At ~6am this morning my cloud server went down and refused to respond to shutdown/reboot requests.
Turns out a disk had become corrupted at some point and so couldn't boot up. Support had attempted various moves etc. but ended up leaving the server in netboot and requiring me to run a fsck.
This was the first time I'd come across this issue (disk corruption at least in my experience is relatively rare these days although obviously it can still happen).
While I now have another tool in my arsenal if this should happen again, I'm a little concerned as to my responsibility for sorting this out.
As it's highly unlikely (impossible?) for anything one could do (even maliciously) on a cloud server to cause physical disk corruption (data corruption is a different issue) I am not sure why it's my responsibility to bring the system back up?
I suppose I could pay for managed hosting, but that's not in my budget right now and to be honest I can solve most of the problems that come along (particularly if it's my own stupid fault for causing them).

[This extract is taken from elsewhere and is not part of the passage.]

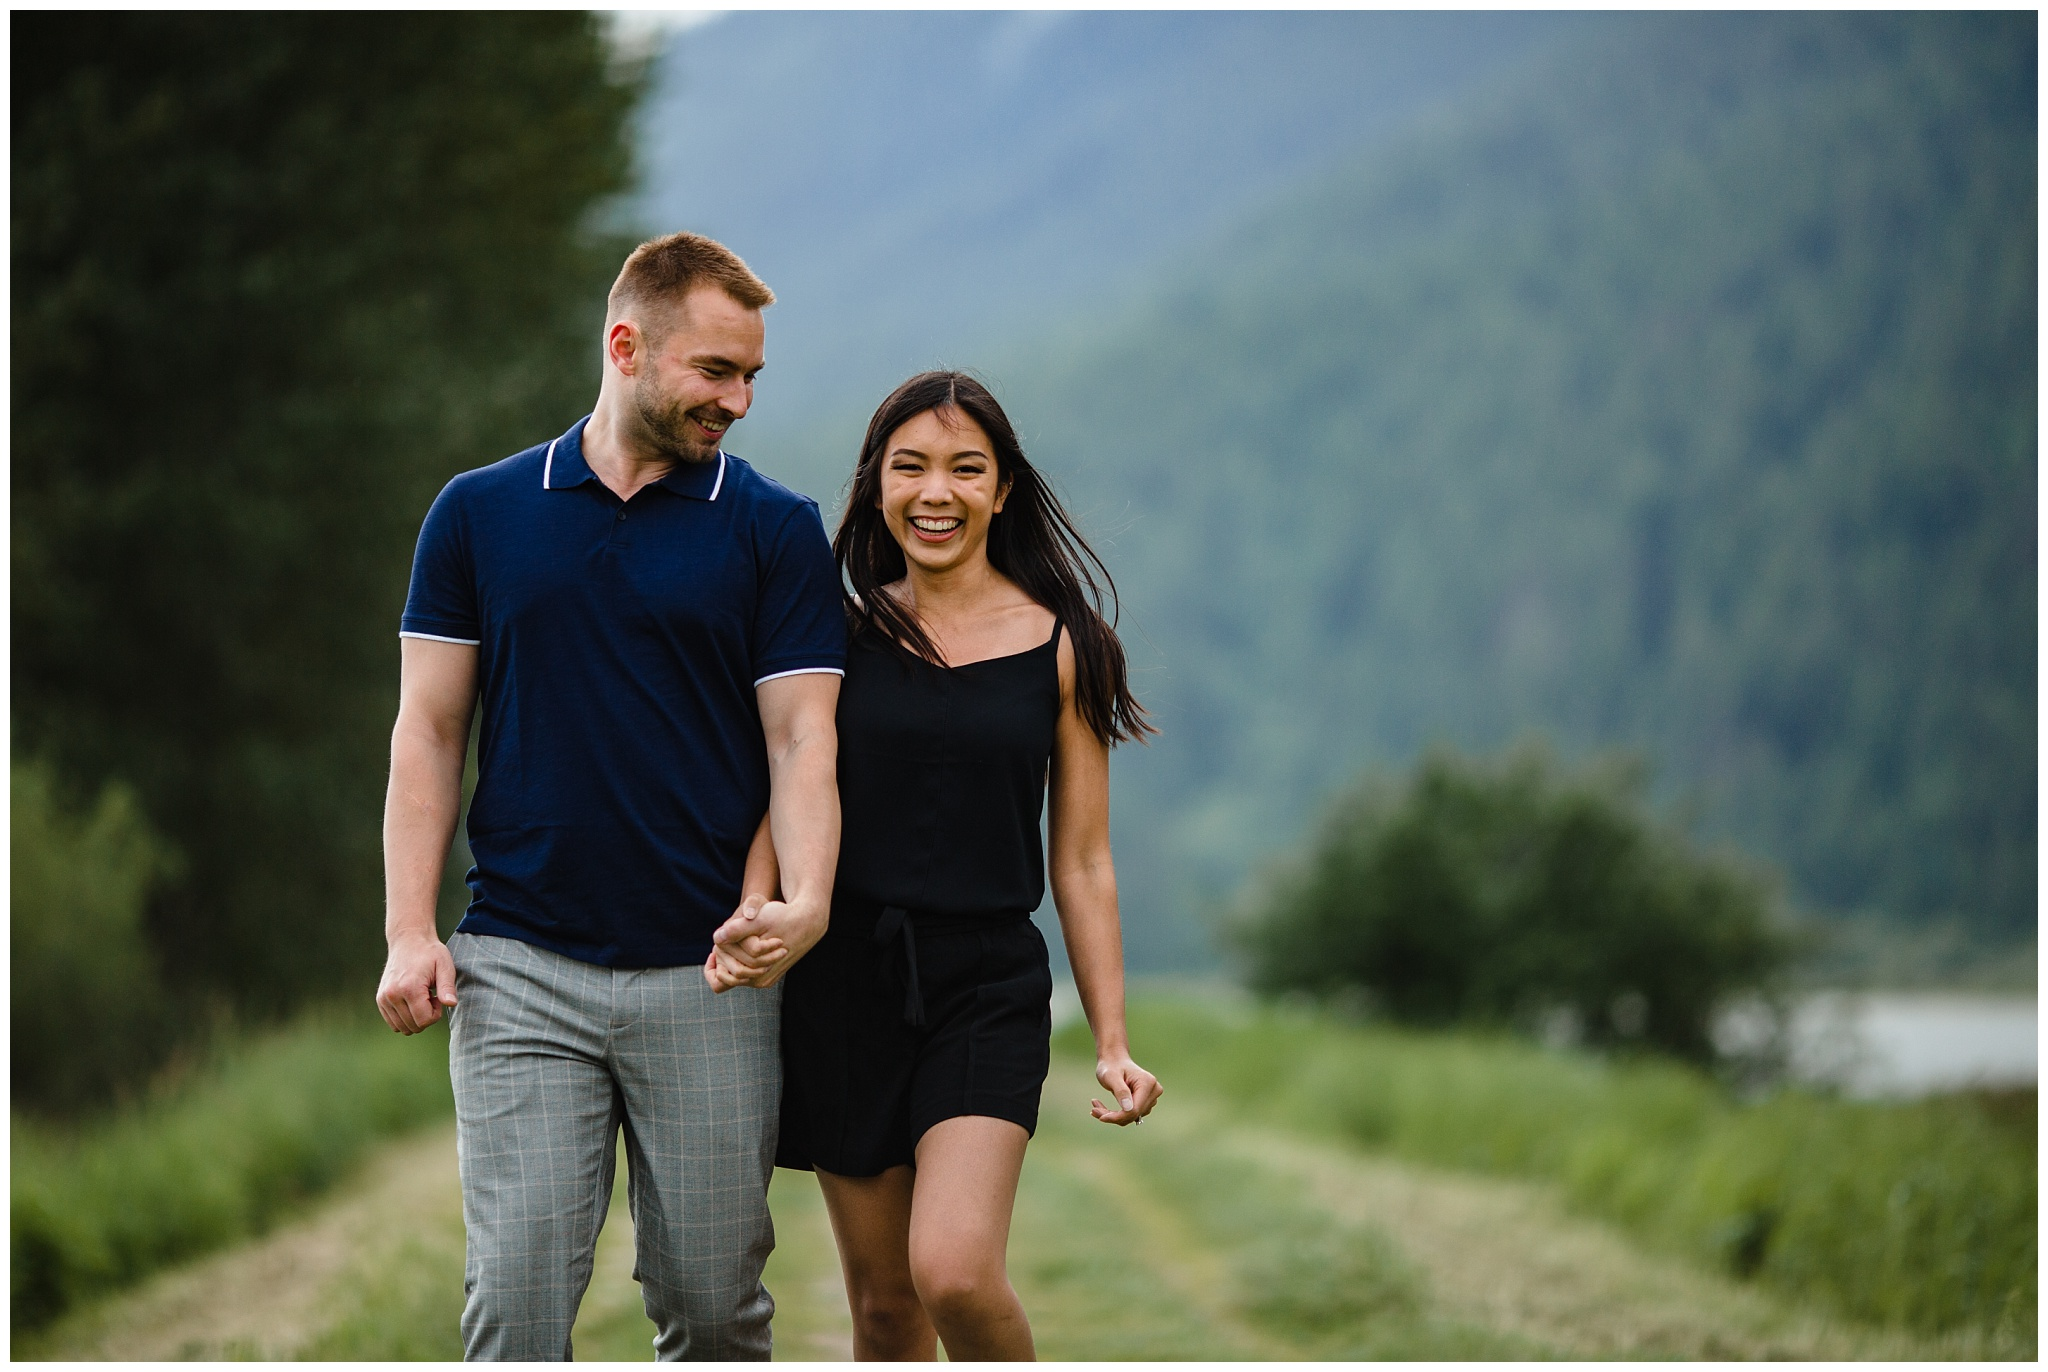 Pitt Lake Engagement Photos Maple Ridge Candid Fun Romantic Couples Photography_0006.jpg

I don't want to quibble over responsibilities, though, but rather know if there's anything I can put in place to alert me to this. If this had happened when I'd been on holiday or otherwise away from Internet access, I'd have no ability to bring the server back up (or even necessarily know something had gone wrong).
A mere 'ping' in this case wouldn't indicate any issues. I could have an automated 'head' access to one of my sites, and then email a non-Bytemark account with an alert, but this still would make it difficult to do anything about it if I was away from the Net (it does happen!).
Any other suggestions? I am hoping this is an unfortunate, rare occurrence, but I would like to be prepared for any future failures which might occur.